- WHAT IS REQUIRED
Select, from the data, each line where "York" occurs.

Dataset items:

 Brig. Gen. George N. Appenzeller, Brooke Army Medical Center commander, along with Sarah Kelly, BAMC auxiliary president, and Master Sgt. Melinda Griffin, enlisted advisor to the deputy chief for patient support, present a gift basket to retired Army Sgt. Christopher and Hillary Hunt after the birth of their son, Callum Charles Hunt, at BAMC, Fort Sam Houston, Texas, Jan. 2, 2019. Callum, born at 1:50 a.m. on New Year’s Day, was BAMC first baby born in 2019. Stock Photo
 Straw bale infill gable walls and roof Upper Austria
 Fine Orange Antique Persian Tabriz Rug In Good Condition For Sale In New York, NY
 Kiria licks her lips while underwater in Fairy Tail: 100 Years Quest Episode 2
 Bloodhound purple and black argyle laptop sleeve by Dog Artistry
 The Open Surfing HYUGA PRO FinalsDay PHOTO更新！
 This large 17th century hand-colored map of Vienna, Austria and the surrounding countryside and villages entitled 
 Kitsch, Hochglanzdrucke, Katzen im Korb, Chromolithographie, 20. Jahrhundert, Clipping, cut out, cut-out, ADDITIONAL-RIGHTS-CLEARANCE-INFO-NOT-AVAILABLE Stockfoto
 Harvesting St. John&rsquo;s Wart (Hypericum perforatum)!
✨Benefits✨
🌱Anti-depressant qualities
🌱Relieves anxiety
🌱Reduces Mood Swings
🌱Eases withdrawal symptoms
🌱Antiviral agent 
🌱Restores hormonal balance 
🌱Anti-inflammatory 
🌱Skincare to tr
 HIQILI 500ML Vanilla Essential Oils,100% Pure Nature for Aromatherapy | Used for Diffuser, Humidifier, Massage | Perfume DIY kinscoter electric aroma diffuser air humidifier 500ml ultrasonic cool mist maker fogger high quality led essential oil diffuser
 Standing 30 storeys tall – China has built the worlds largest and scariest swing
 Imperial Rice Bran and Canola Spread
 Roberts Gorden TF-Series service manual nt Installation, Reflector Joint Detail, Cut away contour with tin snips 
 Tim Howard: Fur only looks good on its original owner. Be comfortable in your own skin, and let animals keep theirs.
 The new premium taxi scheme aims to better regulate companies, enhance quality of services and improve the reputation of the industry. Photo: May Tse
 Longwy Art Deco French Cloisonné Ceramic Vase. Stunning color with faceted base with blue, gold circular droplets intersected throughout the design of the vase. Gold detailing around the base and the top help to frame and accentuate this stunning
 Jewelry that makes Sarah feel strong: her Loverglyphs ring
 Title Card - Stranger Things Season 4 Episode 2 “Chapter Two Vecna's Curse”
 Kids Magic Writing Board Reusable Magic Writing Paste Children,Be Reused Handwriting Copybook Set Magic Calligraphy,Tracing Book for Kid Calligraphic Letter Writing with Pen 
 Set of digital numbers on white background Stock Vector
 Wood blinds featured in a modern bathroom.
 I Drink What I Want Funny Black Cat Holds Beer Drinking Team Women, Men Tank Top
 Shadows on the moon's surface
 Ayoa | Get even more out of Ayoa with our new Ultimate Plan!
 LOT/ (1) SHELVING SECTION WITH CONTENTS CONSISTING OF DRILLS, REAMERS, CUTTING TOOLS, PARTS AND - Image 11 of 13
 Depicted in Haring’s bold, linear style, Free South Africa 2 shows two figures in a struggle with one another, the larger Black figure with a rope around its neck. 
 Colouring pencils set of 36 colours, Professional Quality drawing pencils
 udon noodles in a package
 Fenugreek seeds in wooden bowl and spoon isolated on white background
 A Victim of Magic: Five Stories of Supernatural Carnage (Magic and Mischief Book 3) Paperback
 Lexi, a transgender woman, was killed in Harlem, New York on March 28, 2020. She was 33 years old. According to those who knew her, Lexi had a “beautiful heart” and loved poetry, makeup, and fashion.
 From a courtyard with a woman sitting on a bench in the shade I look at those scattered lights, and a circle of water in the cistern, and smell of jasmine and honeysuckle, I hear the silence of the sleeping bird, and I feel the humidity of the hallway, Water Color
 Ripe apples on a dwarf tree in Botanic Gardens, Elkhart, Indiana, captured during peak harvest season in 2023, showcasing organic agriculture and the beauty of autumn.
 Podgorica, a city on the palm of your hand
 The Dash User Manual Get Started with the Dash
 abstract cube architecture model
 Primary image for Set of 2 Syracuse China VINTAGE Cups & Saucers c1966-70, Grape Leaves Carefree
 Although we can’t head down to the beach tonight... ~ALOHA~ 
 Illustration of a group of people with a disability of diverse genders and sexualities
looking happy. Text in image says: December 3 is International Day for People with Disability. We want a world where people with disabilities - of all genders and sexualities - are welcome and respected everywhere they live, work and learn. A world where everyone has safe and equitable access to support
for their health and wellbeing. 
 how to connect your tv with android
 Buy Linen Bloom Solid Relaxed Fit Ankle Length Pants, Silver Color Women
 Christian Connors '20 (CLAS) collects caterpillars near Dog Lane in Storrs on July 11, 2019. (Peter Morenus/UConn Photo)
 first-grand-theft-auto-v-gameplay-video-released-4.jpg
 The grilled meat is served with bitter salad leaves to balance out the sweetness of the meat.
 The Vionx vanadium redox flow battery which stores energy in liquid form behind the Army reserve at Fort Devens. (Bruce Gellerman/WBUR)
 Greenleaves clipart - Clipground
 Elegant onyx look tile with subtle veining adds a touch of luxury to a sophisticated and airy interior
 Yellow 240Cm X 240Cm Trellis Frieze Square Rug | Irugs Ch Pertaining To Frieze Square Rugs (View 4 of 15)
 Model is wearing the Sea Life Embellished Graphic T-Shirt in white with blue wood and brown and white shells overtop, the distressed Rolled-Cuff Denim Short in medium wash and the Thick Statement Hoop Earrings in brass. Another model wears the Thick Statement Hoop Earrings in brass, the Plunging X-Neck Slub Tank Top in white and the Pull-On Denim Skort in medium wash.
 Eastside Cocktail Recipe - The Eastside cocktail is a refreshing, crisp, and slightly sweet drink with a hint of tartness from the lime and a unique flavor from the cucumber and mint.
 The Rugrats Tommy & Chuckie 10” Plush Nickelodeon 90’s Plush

- SOLVED EXERCISE
 Fine Orange Antique Persian Tabriz Rug In Good Condition For Sale In New York, NY
 Lexi, a transgender woman, was killed in Harlem, New York on March 28, 2020. She was 33 years old. According to those who knew her, Lexi had a “beautiful heart” and loved poetry, makeup, and fashion.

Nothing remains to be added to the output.